# Guess The Take Aways



## Tw!st3dVaP0r (18/12/13)

this is a briliant example of the Great gatsby
captopnians guess the Takeaways


----------



## eviltoy (18/12/13)

Farmstall


----------



## fred1sa (18/12/13)

Big and messy. Farmstall perhaps?


----------



## ET (18/12/13)

ah ok so a gatsby is a chiproll with extras. great now i'm hungry again


----------



## Riaz (18/12/13)

my guess would also be Farmstall

no other take aways packs the way they do


----------



## eviltoy (18/12/13)

I chowed there once. And only once


----------



## Riaz (18/12/13)

the art of buying there is to always buy the smallest option.

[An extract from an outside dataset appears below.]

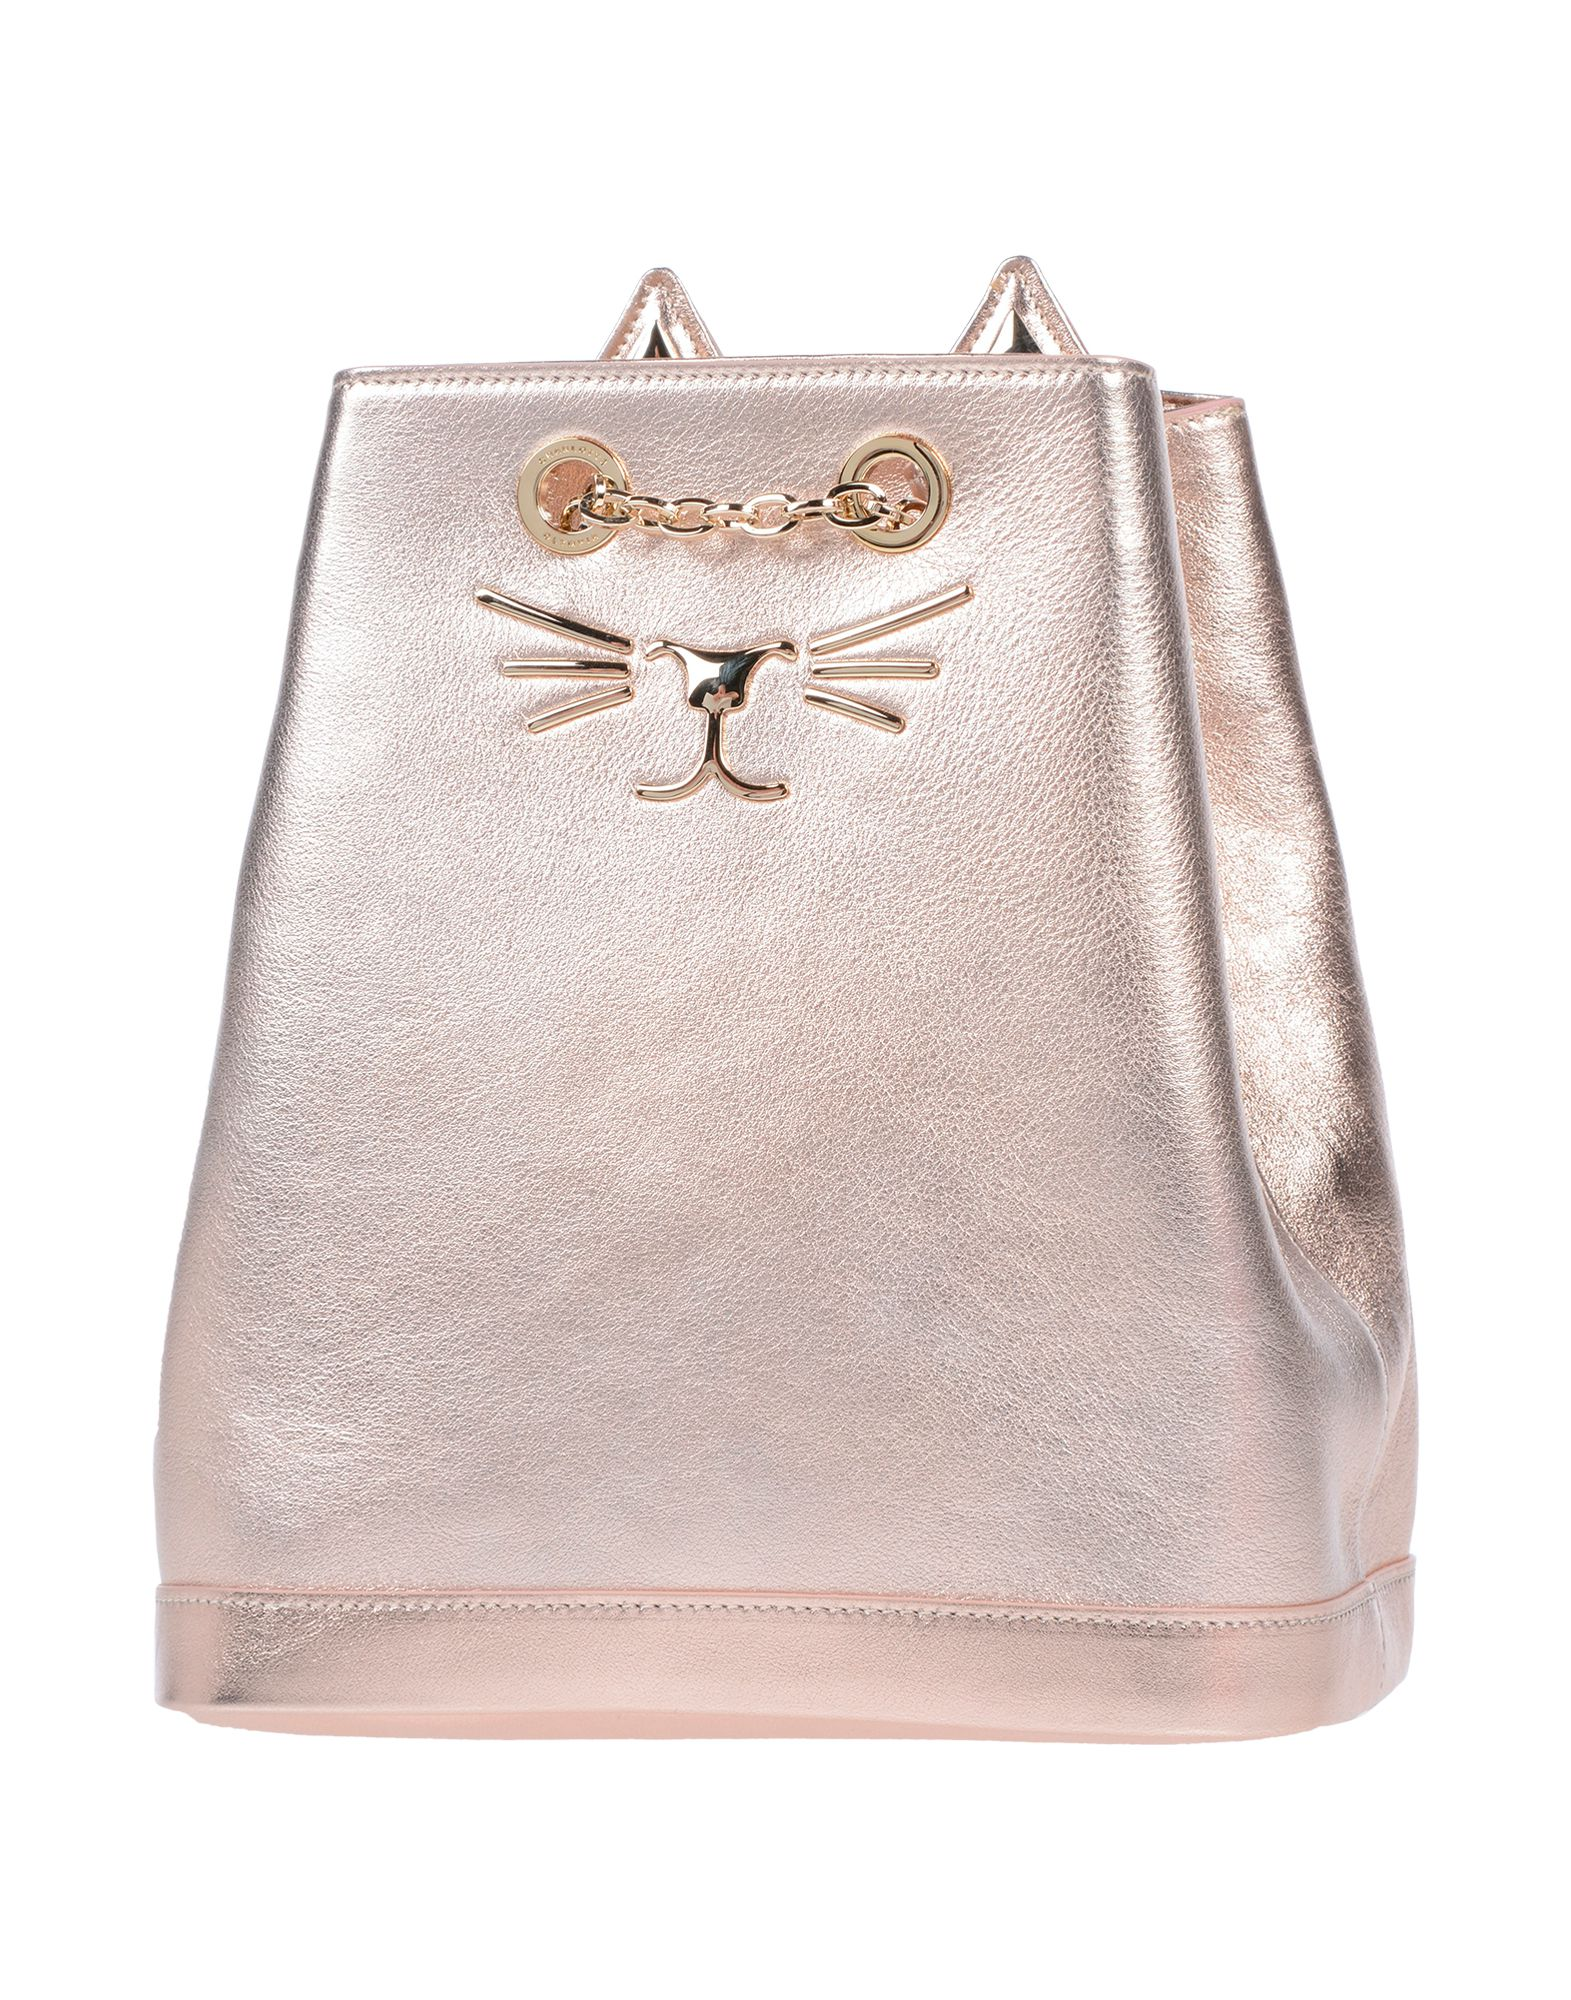 CHARLOTTE OLYMPIA Рюкзаки и сумки на пояс charlotte olympia эспадрильи из кожи и льна mischievous flats

so lets say you and a buddy decide to buy food, then u buy a lekker chiproll and then an extra roll.

so with all the toppings of the one u can make another decent one.

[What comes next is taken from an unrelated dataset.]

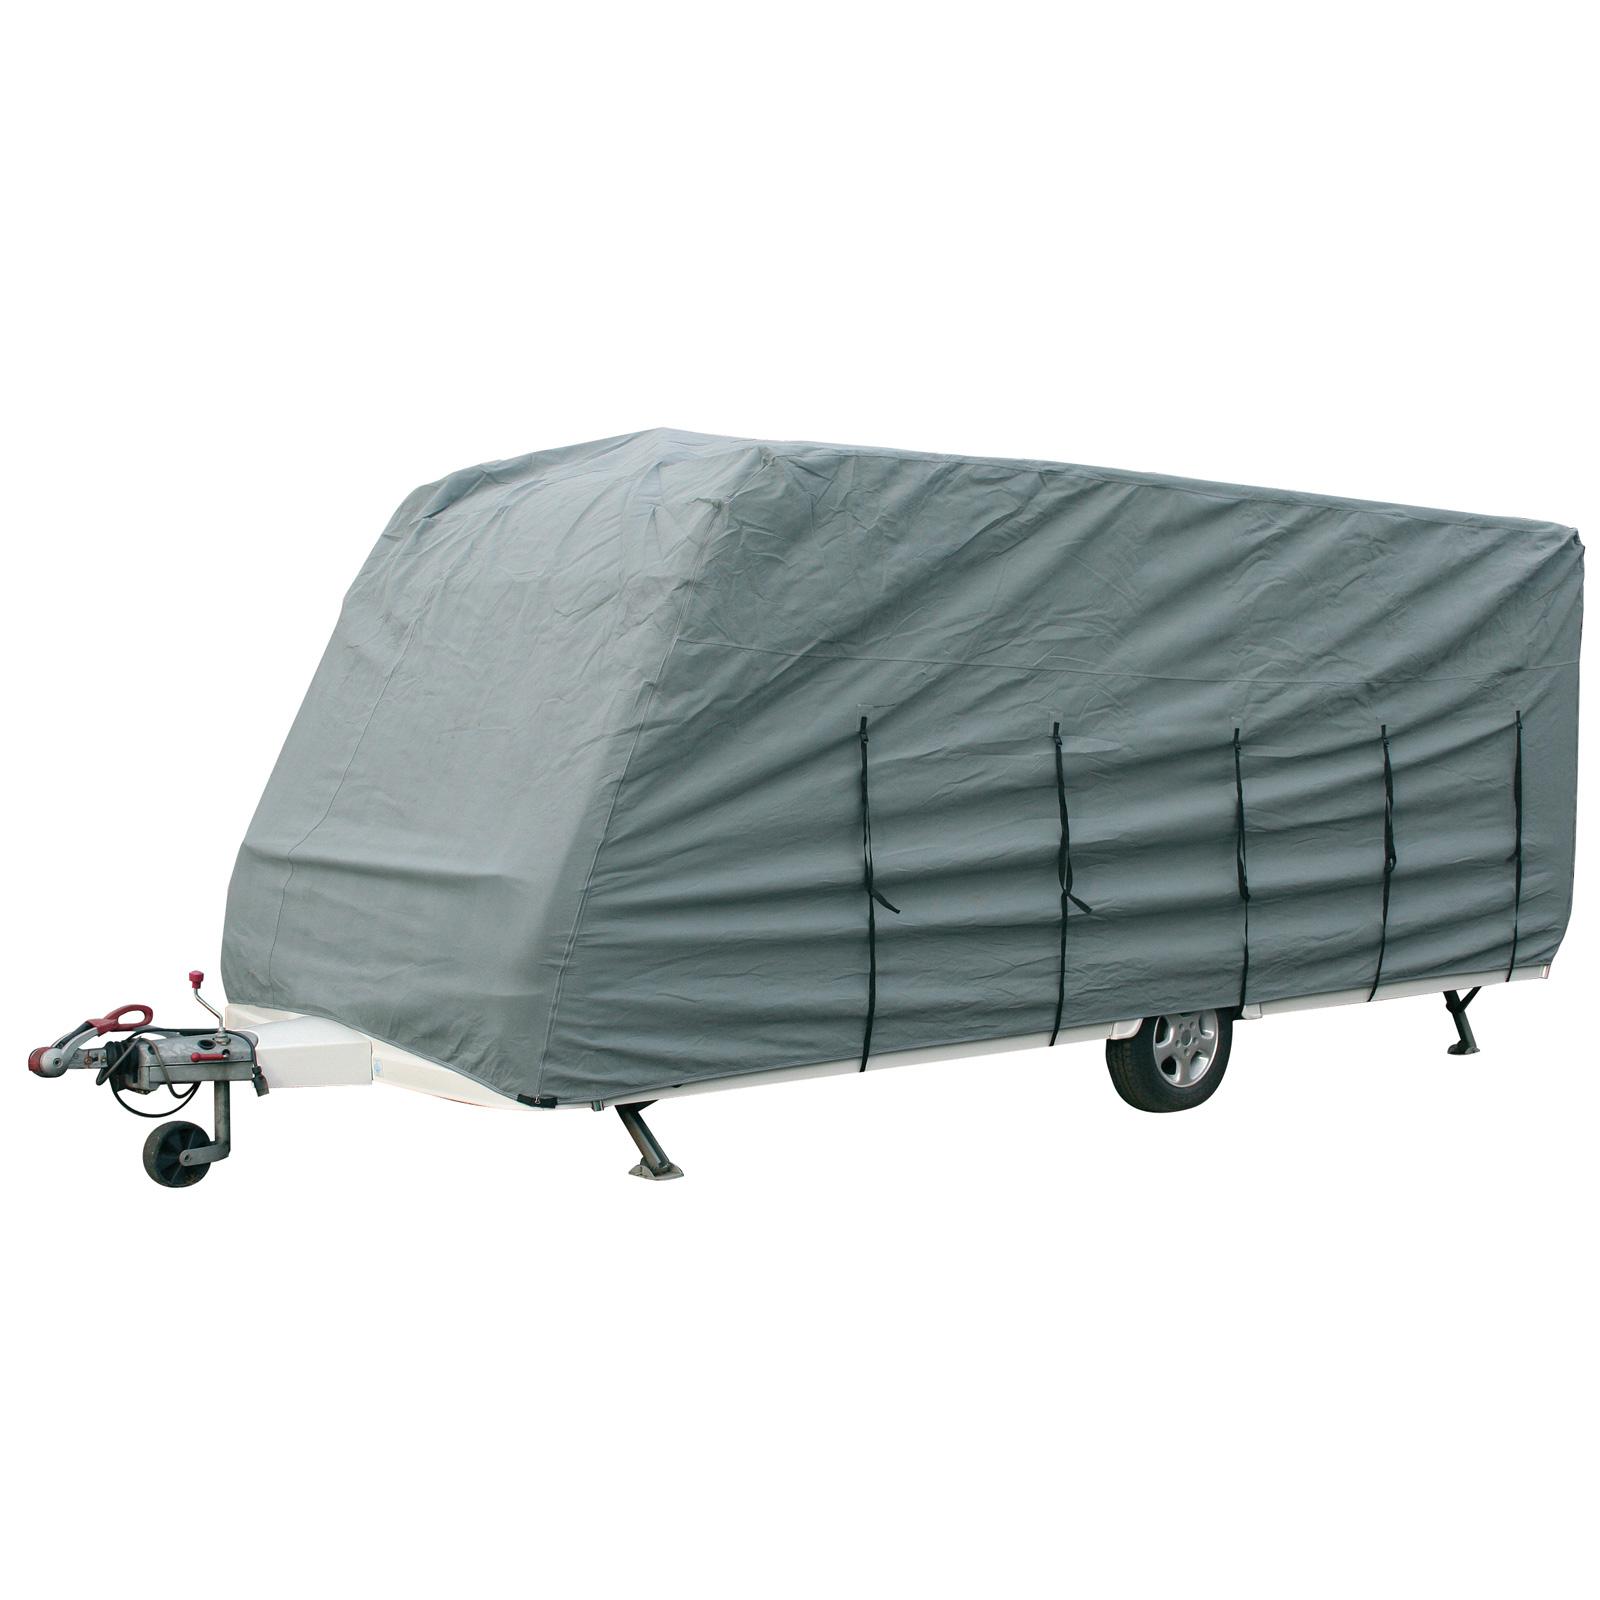 falt wohnwagen abdeckung 7 0 7 5m schutzh lle cover. Black Bedroom Furniture Sets. Home Design Ideas

you can do the same with the gatsbys


----------



## Tw!st3dVaP0r (18/12/13)

Yip farm stall 

Sent from my GT-I9500 using Tapatalk


----------



## Tw!st3dVaP0r (18/12/13)

I so have liss for one of those right now

Sent from my GT-I9500 using Tapatalk


----------



## Silver (18/12/13)

I'm not from CPT, but once upon a time I spent quite a lot of time there.

The pic looks like a half-eaten Butlers pizza gone wrong 

LOL


----------



## Gazzacpt (18/12/13)

Hmmmm Farmstall I work around the corner from them.......... Looks like I'm having lunch there tomorrow


----------



## Melinda (18/12/13)

never been there, so had no idea what it was, what all is on that?


----------



## Tom (18/12/13)

Melinda said:


> never been there, so had no idea what it was, what all is on that?


 looks like all the leftovers of the day


----------



## RIEFY (18/12/13)

Melinda said:


> never been there, so had no idea what it was, what all is on that?


It looks like a full house masala steak gatsby

Sent from my GT-I9500 using Tapatalk HD


----------



## Tw!st3dVaP0r (18/12/13)

Yip full house .. steak egg vieanna and polony lol basicly everything they have in the shop on one gatsby roll

Sent from my GT-I9500 using Tapatalk


----------